§ Exercise aim
Restate the data below word for word. Leave the images out.

§ Data block
☆ ☆ ☆ ☆ ☆ ☆ ☆
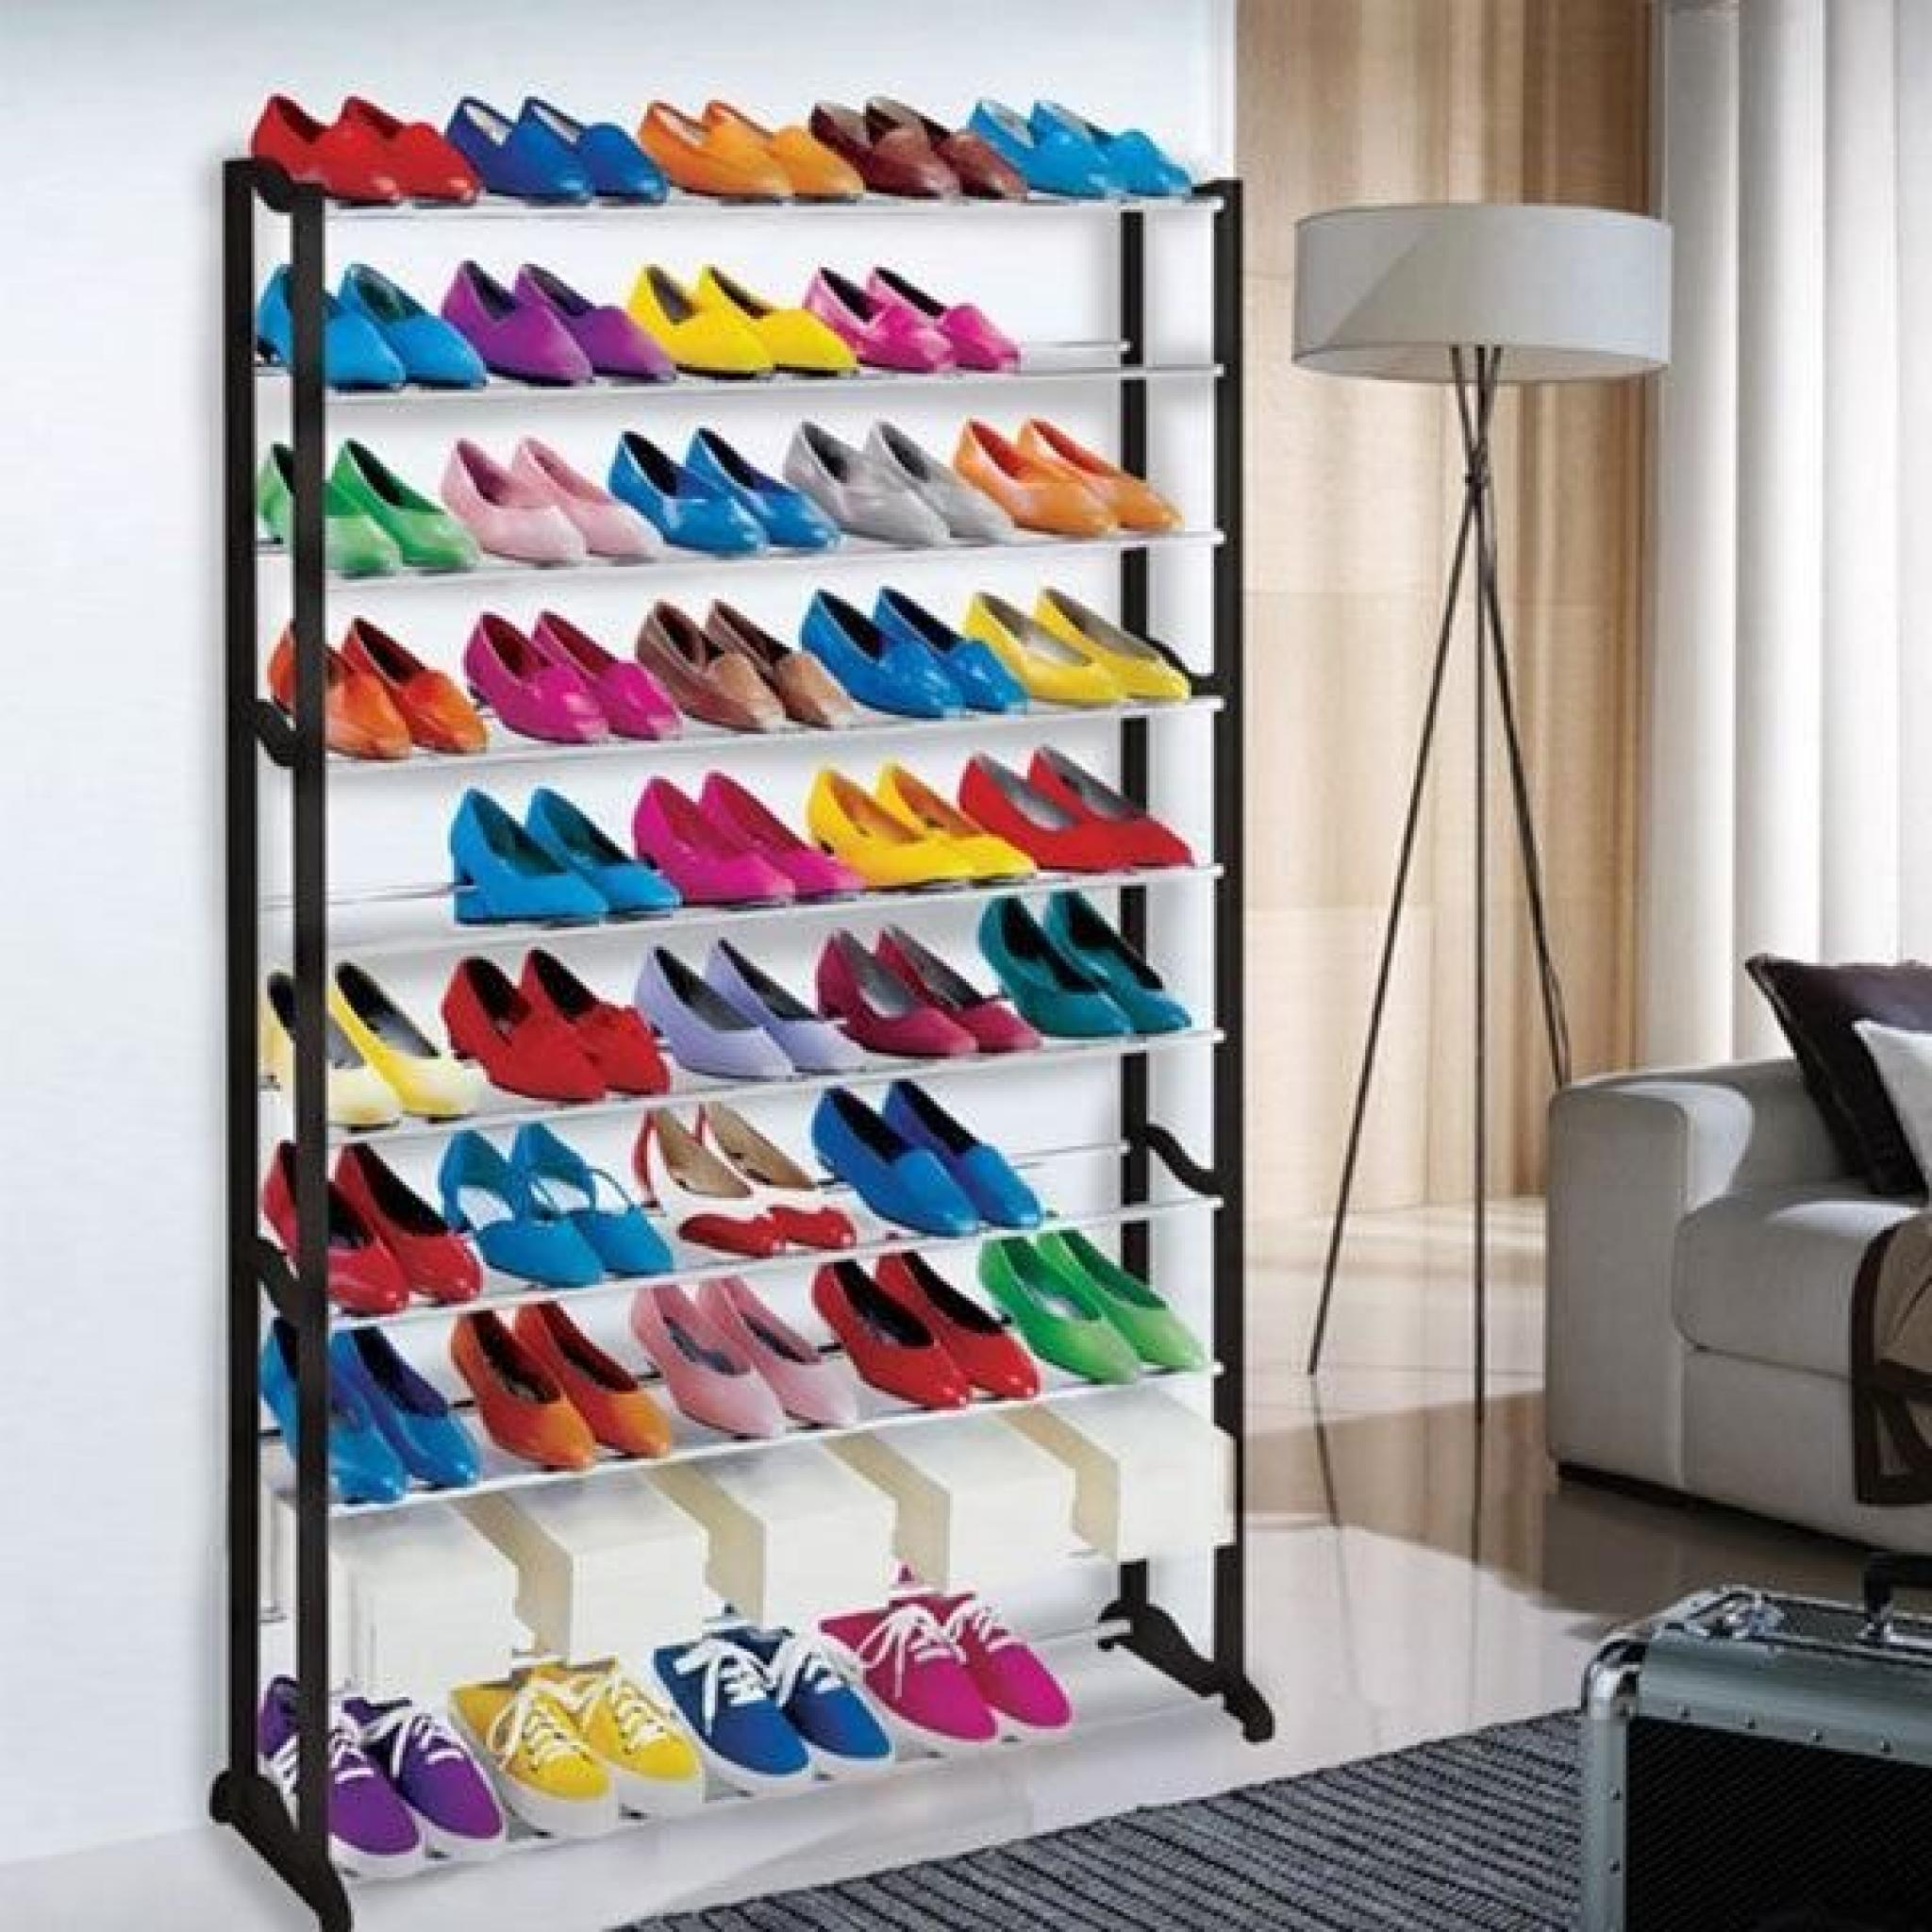 meuble organisateur range chaussures 50 paires tag re. Black Bedroom Furniture Sets. Home Design Ideas
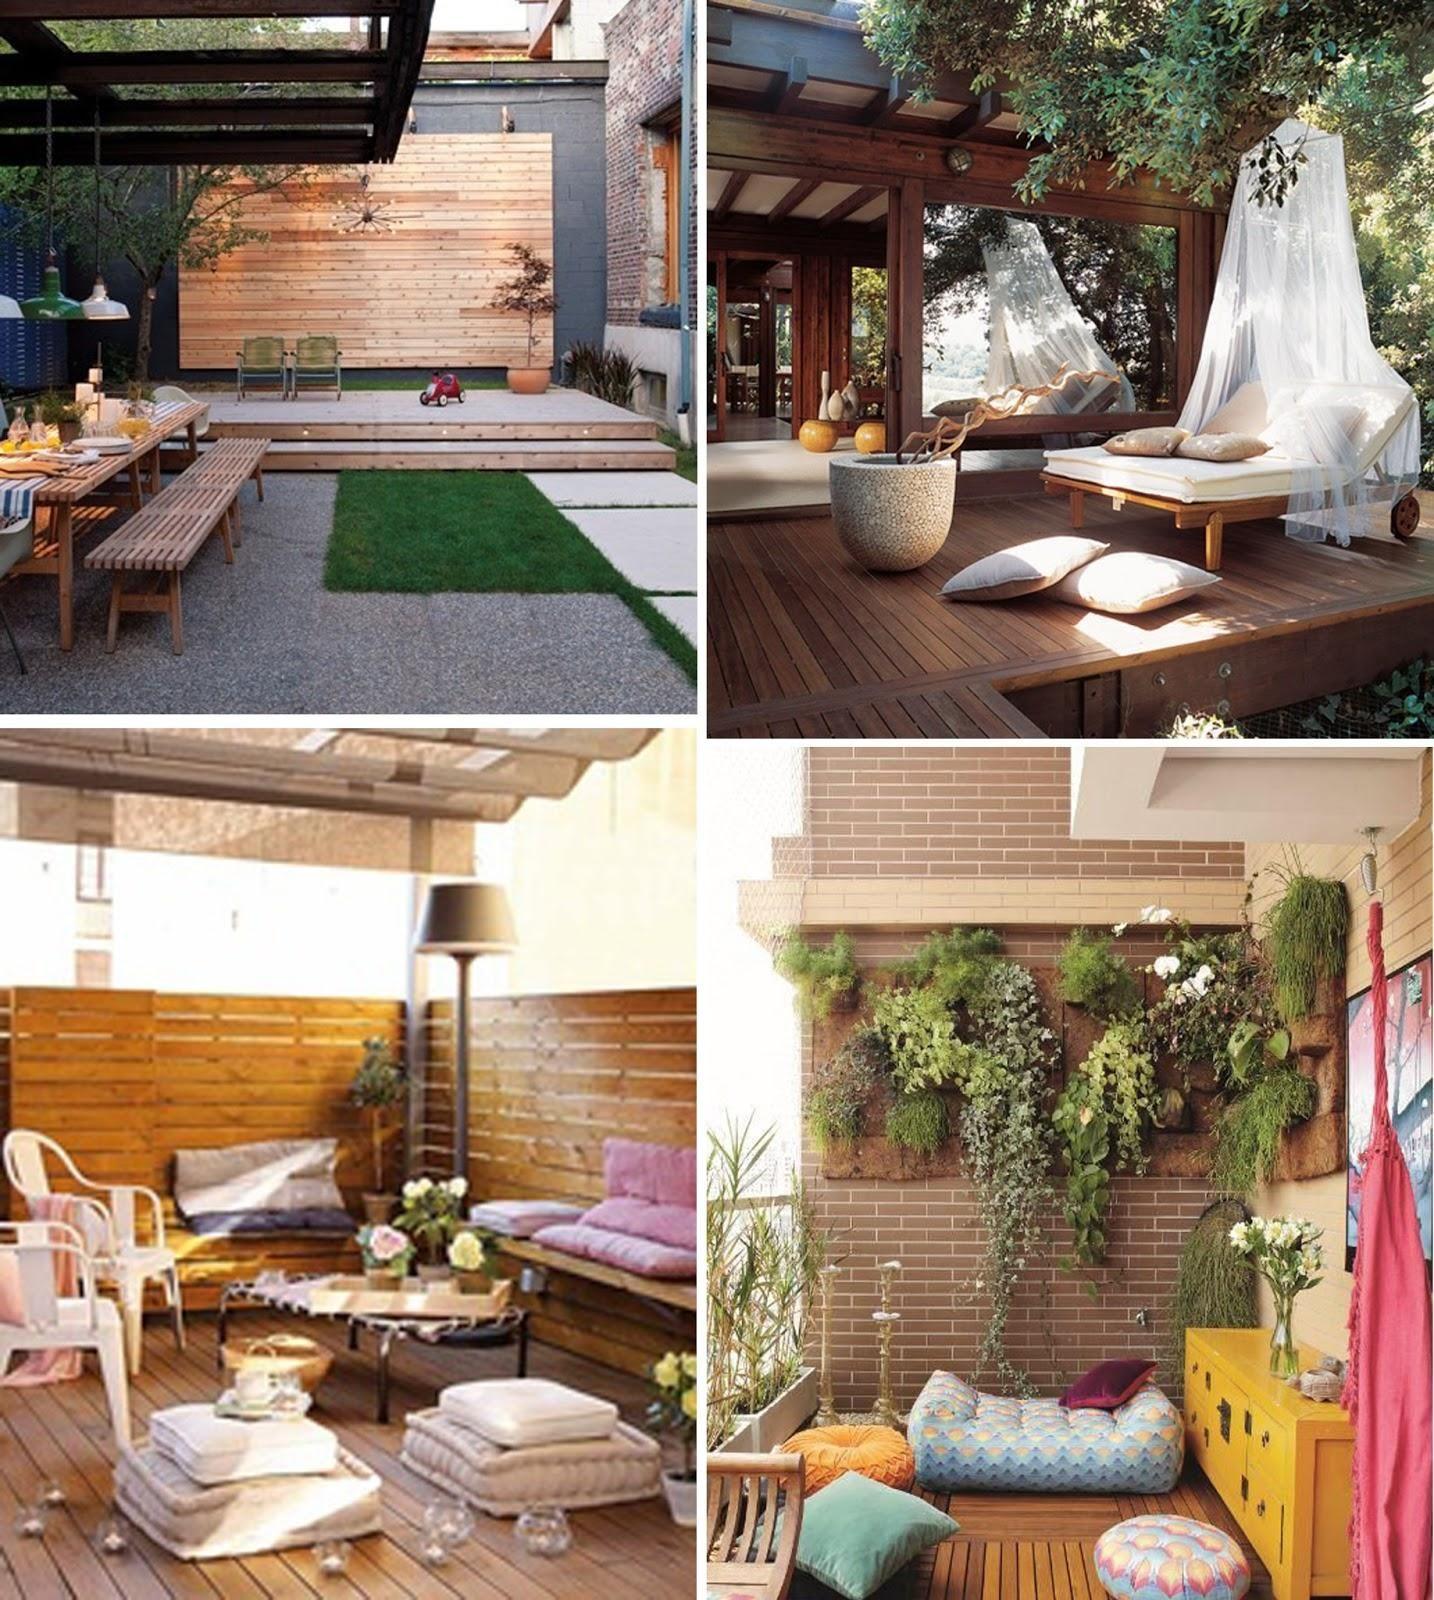 Dise o exteriores buscar con google jardin terrazas for Diseno de fuente de jardin al aire libre
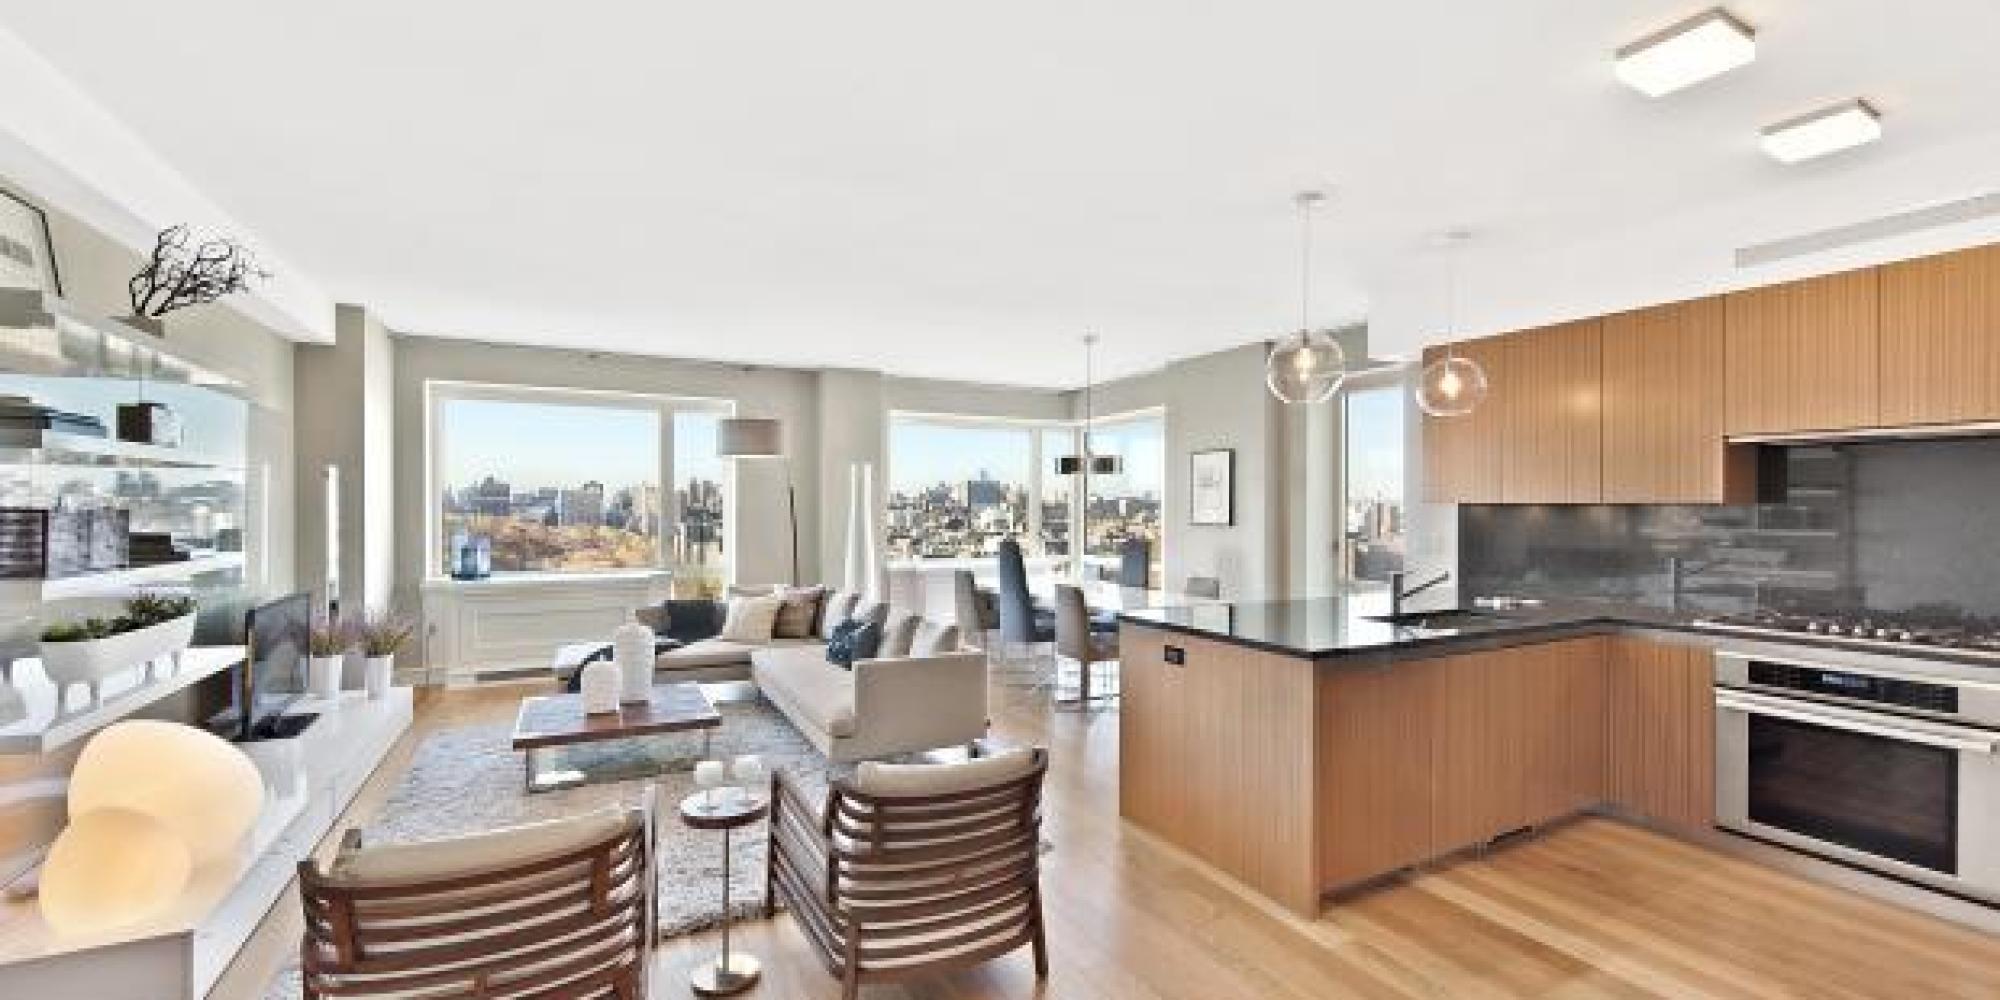 manhattan 39 s priciest condos average 5 487 per square foot huffpost. Black Bedroom Furniture Sets. Home Design Ideas
☆ ☆ ☆ ☆ ☆ ☆ ☆
§ Result for this task
 meuble organisateur range chaussures 50 paires tag re. Black Bedroom Furniture Sets. Home Design Ideas
 Dise o exteriores buscar con google jardin terrazas for Diseno de fuente de jardin al aire libre
 manhattan 39 s priciest condos average 5 487 per square foot huffpost. Black Bedroom Furniture Sets. Home Design Ideas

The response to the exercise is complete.